Work required → Line by line, reproduce exactly the beginning of the listing below, ending with the line that contains "Measurements" and adding nothing.

Data in this exercise →
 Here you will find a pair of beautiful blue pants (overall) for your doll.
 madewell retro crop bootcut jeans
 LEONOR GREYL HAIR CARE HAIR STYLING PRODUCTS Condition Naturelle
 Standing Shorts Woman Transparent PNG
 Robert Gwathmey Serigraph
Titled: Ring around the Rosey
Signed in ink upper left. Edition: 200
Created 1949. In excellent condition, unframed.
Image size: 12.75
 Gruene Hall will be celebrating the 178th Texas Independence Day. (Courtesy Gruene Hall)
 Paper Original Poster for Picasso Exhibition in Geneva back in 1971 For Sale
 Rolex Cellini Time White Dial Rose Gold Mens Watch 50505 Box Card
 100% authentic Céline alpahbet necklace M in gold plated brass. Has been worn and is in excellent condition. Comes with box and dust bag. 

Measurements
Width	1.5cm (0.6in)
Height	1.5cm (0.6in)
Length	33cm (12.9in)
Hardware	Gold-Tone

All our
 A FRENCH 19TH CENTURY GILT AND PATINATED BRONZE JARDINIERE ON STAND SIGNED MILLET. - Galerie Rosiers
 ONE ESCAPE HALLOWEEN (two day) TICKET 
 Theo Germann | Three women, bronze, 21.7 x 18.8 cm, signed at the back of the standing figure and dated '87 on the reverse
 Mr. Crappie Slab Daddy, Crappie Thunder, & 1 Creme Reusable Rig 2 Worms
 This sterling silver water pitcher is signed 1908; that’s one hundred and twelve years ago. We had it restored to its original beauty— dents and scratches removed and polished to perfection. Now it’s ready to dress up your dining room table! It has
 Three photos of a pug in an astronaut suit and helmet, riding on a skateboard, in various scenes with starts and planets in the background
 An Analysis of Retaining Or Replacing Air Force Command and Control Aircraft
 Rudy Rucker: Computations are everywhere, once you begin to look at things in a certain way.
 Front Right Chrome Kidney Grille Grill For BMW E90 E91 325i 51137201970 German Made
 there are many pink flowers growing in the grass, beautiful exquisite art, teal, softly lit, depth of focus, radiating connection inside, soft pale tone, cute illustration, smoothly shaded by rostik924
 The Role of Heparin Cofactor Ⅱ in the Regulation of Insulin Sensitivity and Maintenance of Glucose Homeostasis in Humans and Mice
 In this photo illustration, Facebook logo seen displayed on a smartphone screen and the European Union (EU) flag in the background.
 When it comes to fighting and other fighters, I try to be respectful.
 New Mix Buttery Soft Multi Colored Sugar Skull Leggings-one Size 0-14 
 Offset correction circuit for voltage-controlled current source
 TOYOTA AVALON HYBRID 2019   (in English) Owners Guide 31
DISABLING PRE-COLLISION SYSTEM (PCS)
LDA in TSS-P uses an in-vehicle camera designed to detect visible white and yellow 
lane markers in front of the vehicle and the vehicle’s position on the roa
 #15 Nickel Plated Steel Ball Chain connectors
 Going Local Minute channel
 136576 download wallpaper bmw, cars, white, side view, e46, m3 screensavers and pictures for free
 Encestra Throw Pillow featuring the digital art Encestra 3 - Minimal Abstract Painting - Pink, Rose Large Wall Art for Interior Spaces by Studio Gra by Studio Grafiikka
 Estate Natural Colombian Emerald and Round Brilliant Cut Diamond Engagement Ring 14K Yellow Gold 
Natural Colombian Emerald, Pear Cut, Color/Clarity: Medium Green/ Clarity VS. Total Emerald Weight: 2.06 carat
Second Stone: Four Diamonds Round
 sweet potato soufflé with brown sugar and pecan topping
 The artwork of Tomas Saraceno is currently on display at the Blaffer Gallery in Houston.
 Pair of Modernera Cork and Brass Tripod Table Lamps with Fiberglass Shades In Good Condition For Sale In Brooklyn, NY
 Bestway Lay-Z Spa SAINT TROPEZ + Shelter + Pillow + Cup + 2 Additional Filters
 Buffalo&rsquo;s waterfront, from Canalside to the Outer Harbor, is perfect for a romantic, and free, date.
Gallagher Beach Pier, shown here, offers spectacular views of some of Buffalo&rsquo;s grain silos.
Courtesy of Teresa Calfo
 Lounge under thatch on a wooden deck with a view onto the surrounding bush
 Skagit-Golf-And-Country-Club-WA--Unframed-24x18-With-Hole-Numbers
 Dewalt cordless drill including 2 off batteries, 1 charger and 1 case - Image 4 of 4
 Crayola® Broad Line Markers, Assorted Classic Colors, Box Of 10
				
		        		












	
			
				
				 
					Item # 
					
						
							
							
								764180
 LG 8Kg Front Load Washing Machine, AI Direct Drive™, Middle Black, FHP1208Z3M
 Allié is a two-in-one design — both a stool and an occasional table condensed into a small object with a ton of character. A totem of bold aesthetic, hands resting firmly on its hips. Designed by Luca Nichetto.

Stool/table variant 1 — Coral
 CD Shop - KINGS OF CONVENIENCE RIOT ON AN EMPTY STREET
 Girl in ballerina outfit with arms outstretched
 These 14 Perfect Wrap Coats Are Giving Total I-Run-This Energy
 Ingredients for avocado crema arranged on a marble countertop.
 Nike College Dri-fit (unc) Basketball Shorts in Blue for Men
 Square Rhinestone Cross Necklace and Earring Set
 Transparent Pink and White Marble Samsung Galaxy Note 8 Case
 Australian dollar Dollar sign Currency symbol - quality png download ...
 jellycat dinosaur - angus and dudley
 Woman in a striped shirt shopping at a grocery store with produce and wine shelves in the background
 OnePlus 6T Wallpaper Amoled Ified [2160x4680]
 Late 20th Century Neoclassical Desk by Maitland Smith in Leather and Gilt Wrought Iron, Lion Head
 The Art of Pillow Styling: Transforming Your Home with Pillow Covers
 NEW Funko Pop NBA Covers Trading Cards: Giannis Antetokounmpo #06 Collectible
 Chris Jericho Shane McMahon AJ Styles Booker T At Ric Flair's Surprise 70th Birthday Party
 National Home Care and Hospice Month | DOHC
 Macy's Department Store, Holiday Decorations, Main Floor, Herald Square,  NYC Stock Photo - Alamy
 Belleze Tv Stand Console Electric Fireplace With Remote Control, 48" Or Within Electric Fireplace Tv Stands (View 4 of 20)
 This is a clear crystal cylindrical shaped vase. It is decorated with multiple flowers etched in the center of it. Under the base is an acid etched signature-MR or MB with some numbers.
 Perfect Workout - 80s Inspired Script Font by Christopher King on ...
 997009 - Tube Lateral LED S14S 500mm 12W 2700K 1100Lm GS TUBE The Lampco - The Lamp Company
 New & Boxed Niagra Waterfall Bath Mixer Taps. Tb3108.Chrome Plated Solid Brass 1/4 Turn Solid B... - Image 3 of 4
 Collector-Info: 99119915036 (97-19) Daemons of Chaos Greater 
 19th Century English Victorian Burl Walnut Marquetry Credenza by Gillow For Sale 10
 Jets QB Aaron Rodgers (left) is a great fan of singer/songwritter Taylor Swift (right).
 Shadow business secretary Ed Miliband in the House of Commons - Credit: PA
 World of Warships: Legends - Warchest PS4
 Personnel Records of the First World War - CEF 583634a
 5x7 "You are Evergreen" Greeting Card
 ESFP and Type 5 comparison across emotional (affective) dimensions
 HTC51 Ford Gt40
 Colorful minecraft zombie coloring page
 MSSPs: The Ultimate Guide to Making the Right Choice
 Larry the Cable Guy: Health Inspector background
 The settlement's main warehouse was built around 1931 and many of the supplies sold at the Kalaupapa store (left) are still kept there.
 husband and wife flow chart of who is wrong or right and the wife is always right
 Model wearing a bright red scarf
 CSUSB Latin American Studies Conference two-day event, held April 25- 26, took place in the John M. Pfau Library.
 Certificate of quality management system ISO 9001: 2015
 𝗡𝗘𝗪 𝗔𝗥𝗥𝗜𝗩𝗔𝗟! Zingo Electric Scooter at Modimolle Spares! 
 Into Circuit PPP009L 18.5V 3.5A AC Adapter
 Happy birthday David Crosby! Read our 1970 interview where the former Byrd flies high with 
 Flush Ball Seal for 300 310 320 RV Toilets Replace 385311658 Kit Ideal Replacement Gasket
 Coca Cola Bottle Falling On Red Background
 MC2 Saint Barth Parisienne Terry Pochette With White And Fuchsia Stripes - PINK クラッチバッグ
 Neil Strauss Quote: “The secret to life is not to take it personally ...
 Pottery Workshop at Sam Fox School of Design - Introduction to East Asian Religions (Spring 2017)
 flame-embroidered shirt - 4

Output for this exercise →
 Here you will find a pair of beautiful blue pants (overall) for your doll.
 madewell retro crop bootcut jeans
 LEONOR GREYL HAIR CARE HAIR STYLING PRODUCTS Condition Naturelle
 Standing Shorts Woman Transparent PNG
 Robert Gwathmey Serigraph
Titled: Ring around the Rosey
Signed in ink upper left. Edition: 200
Created 1949. In excellent condition, unframed.
Image size: 12.75
 Gruene Hall will be celebrating the 178th Texas Independence Day. (Courtesy Gruene Hall)
 Paper Original Poster for Picasso Exhibition in Geneva back in 1971 For Sale
 Rolex Cellini Time White Dial Rose Gold Mens Watch 50505 Box Card
 100% authentic Céline alpahbet necklace M in gold plated brass. Has been worn and is in excellent condition. Comes with box and dust bag. 

Measurements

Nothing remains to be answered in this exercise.